Importance of subleading corrections for the Mott critical point
Patrick S\'emon, A.-M.S. Tremblay

TL;DR
This paper investigates how subleading corrections influence the critical behavior of the Mott transition, revealing that they can cause deviations from mean-field exponents, with implications for experimental observations.
Contribution
The study demonstrates the significance of subleading corrections in the Mott critical point, using advanced cluster dynamical mean-field theory to clarify universality class deviations.
Findings
Subleading corrections can alter critical exponents from mean-field predictions.

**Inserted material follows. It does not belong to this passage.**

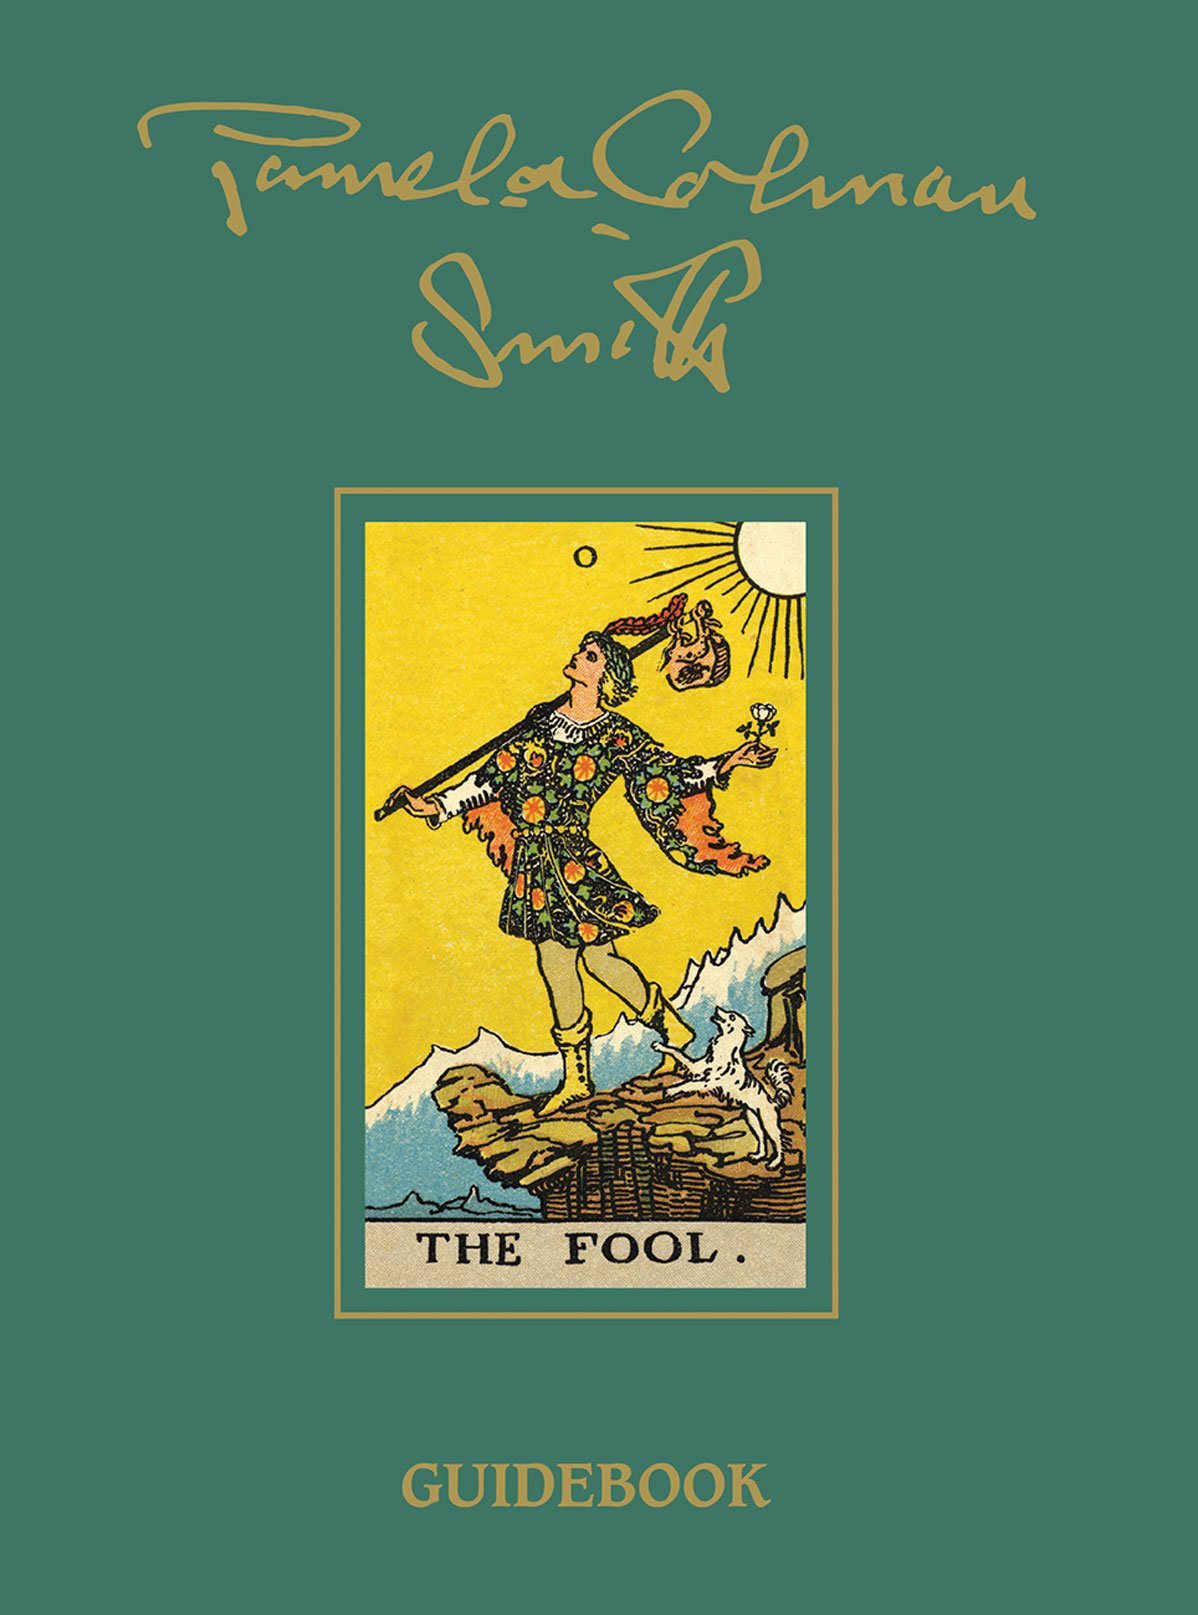 Smith-Waite Deluxe Tarot: Gilded Deck & Book Set Tarot Kit

Accurate double occupancy calculations are achieved via a sign-problem-minimized transformation.
Experimental optical lattice studies could verify the predicted effects.
Abstract
The interaction-induced metal-insulator transition should be in the Ising universality class. Experiments on layered organic superconductors suggest that the observed critical endpoint of the first-order Mott transition belongs instead to a different universality class. To address this question, we use dynamical mean-field theory and a cluster generalization that is necessary to account for short-range spatial correlations in two dimensions. Such calculations can give information on crossover effects, in particular quantum ones, that are not included in the simplest mean-field. In the cluster calculation, a canonical transformation that minimizes the sign problem in continuous-time quantum Monte Carlo calculations allows us to obtain very accurate results for double occupancy. These results show that there are important subleading corrections that can lead to apparent exponents that are…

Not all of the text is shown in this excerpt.